Innovation
Continuous intra-operative nerve monitoring - cIONM
The recurrent laryngeal nerve (RLN) is at risk on each side of the trachea that the Thyroid gland and parathyroid glands are draped over. The nerves supply the vocal fold (we have one each side). If damaged the vocal fold will not move normally. It can remain either open or closed or somewhere in-between. This weakens the strength and refinement of your voice. The voice box works harder to make you heard and so tires more quickly than it should so you can lose your voice during the day. It also protects the airways from food, secretions and fluids. If these get into the airway, they can make you cough and splutter. It is called aspiration and leads to recurrent chest infections an altered swallow sensation.
So being able to monitor the function of the RLN during surgery seems like a good idea! nerve monitoring started to be introduced around 2008 in thyroid surgery, but its uptake has been slow in the NHS due to the additional expense of the machine and consumables used with each case. There was not enough evidence to prove its efficacy and the technology was in early stages of development.

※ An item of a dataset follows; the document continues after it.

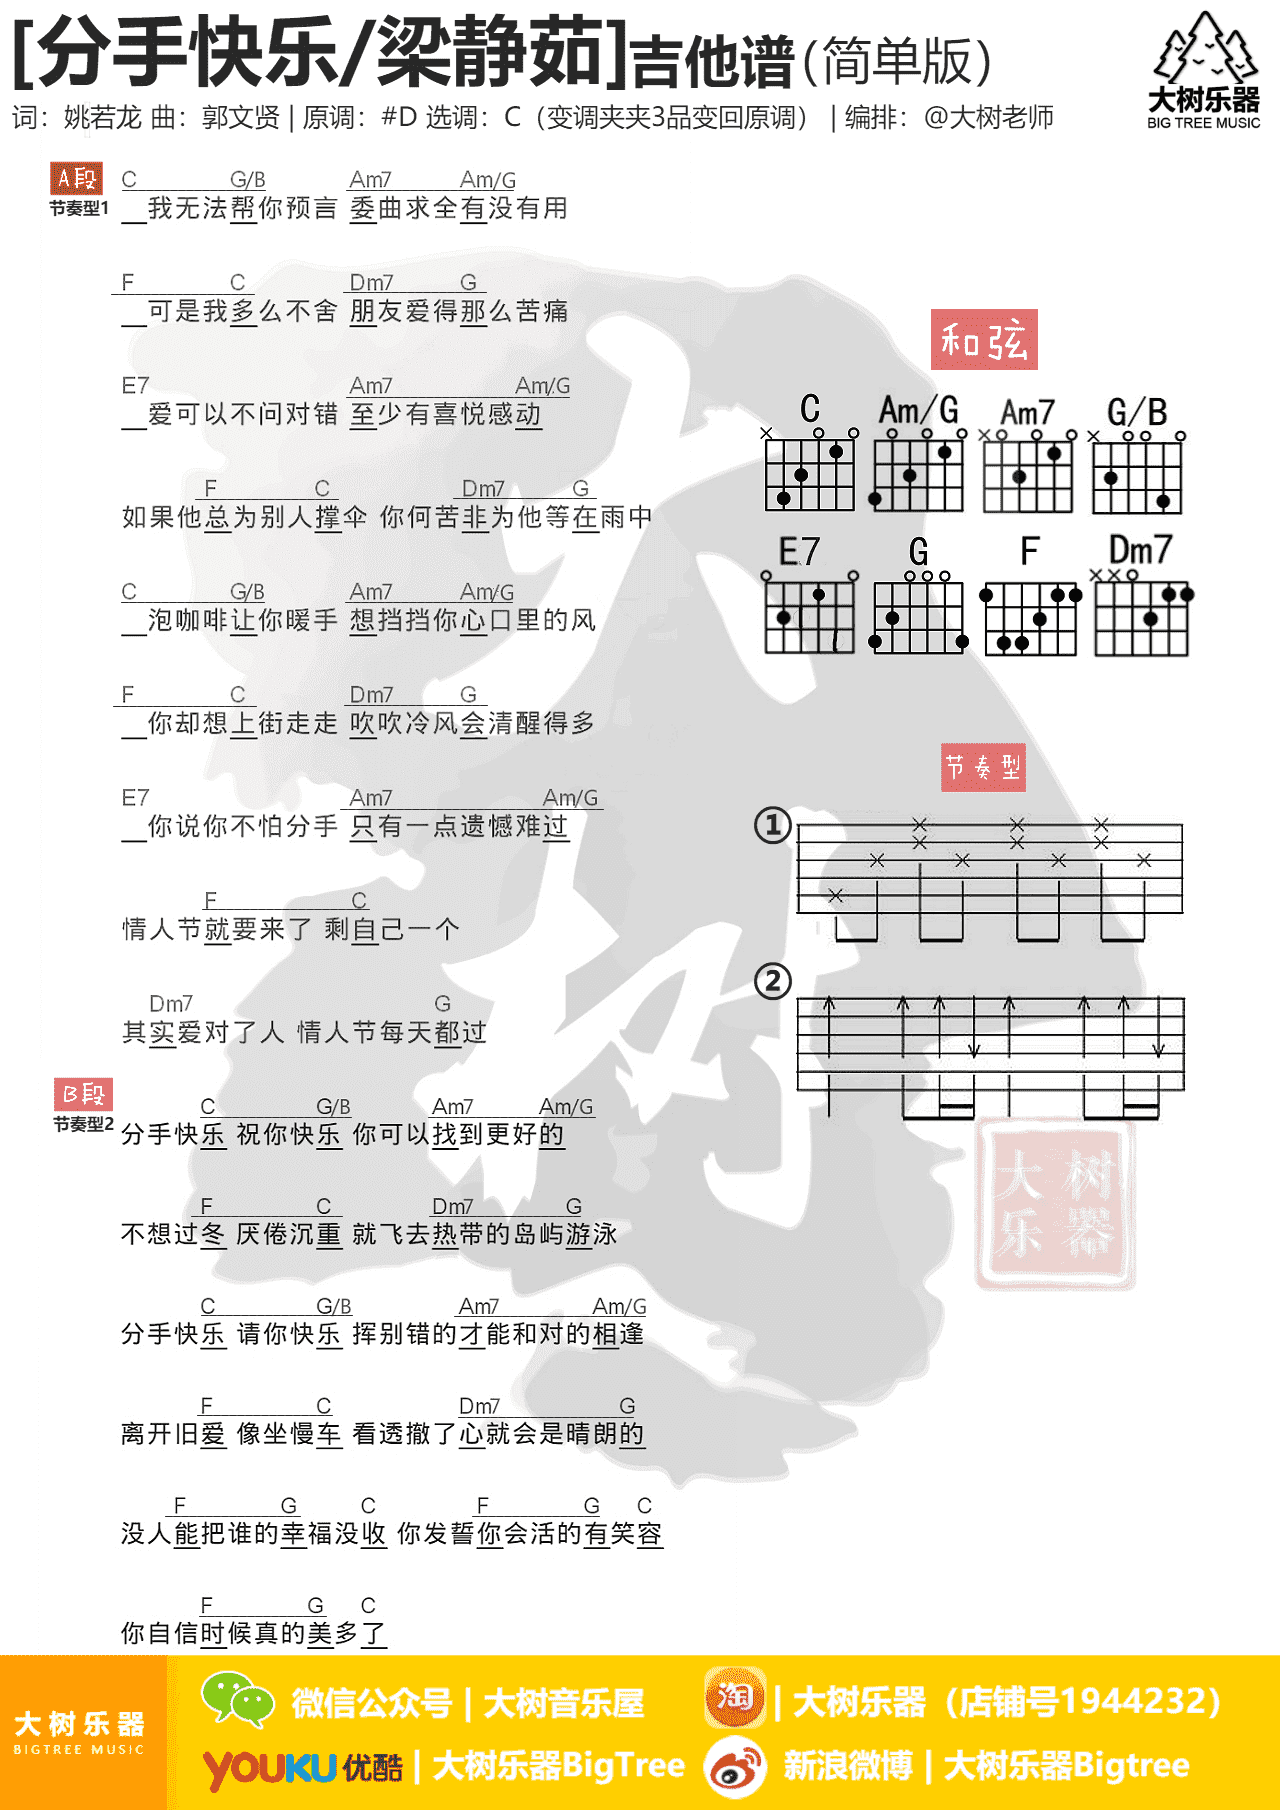 听见下雨的声音(大树乐器-大树音乐)吉他谱(图片谱,弹唱,教学)_周杰伦(Jay Chou)

Fast forward to today. The technology has advanced to the point that we can see the wave signal of the RLN throughout the operation and note if it changes, beat to beat. This wave signal changes long before the function of the nerve is lost. Because we now better understand how the signal change is warning us of possible ensuing loss of function, we can change what we are doing before the wave signal changes become a loss of function. It has become so reliable that we no longer need to routinely check for vocal cord function before and after surgery.
We used to do this by putting a flexible camera all the way up the nose and around and down into the back of the throat to examine the cords. In my practice we no longer need to do this unless during surgery there is a serious and persistent change in RLN function and change of voice.